В критической Маргаритке «всеобщая вина времени, вина тайны» становится «тайной вины», подобно тому как всеобщая вина тайны в лице запутавшегося в долгах лавочника становится тайной долгов.

По конструкции божьей матери, Маргаритка должна была бы, собственно говоря, быть матерью Рудольфа, спасителя мира. Г-н Шелига так и заявляет:

«Логическая последовательность требует, чтобы Рудольф был сыном Маргаритки».

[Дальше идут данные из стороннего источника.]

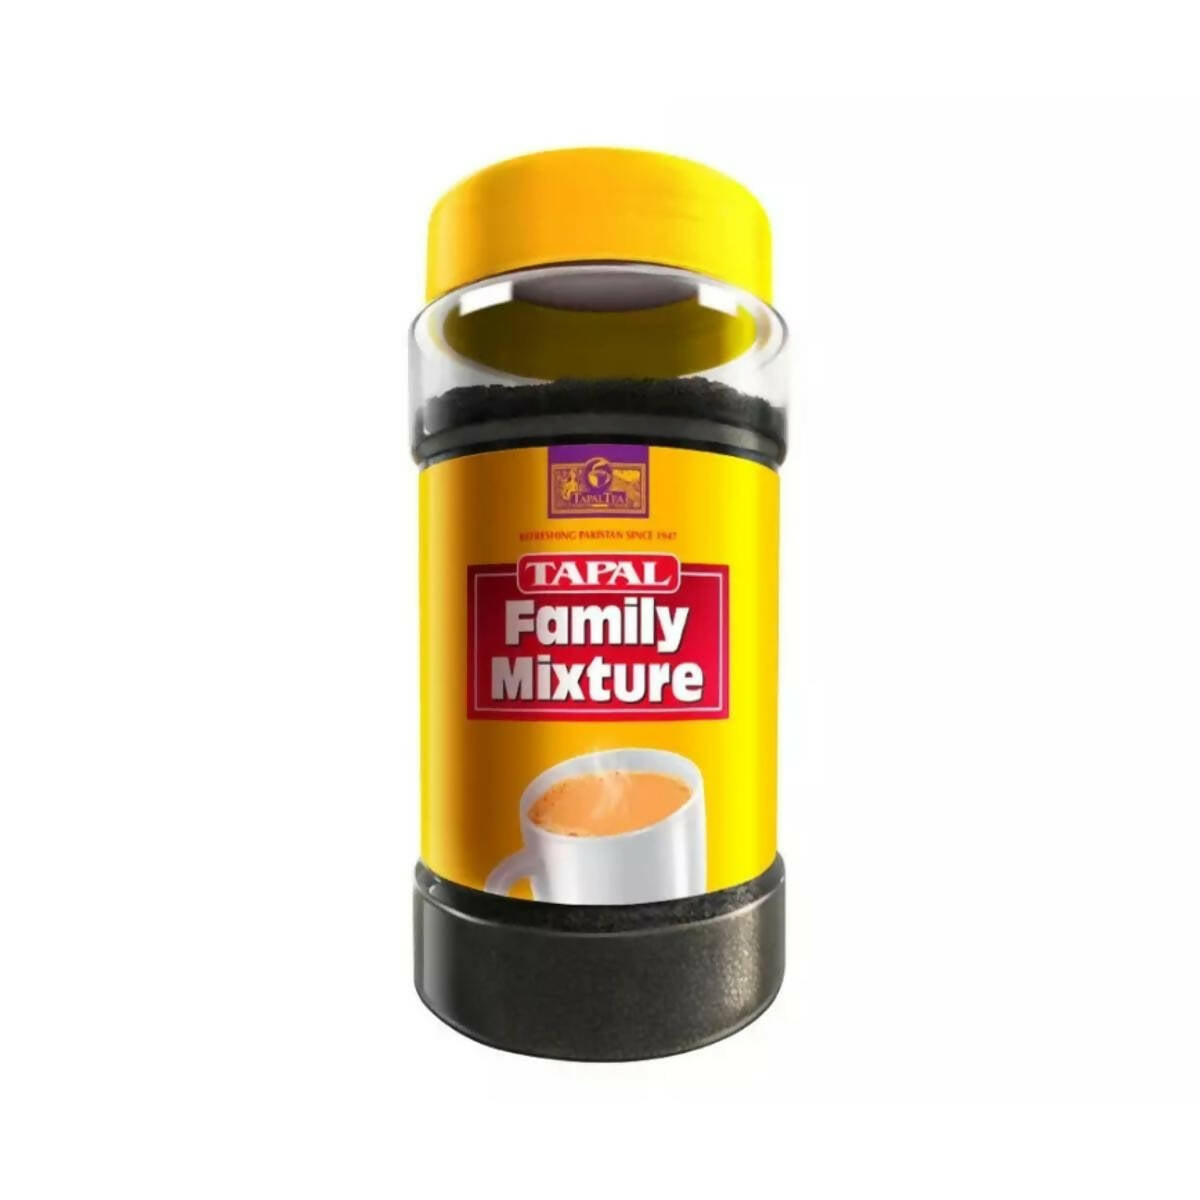 Tpl Family Mixture Tea 450 gm Jar 1 Pcs

Но так как он не сын её, а отец, то г-н Шелига открывает в этом «новую тайну, заключающуюся в том, что часто настоящее порождает из своего лона не будущее, а давно умершее прошедшее». Мало того, он открывает другую, ещё большую, прямо противоречащую массовидной статистике тайну, — ту именно тайну, что «дитя, если оно не становится, в свою очередь, отцом или матерью и сходит, девственное и невинное, в могилу… по существу своему… есть дочь».

Г-н Шелига мыслит в полном согласии с гегелевской спекуляцией, когда он, «в силу логической последовательности», считает дочь матерью её отца. В философии истории Гегеля, как и в его натурфилософии, сын порождает мать, дух — природу, христианская религия — язычество, результат — начало.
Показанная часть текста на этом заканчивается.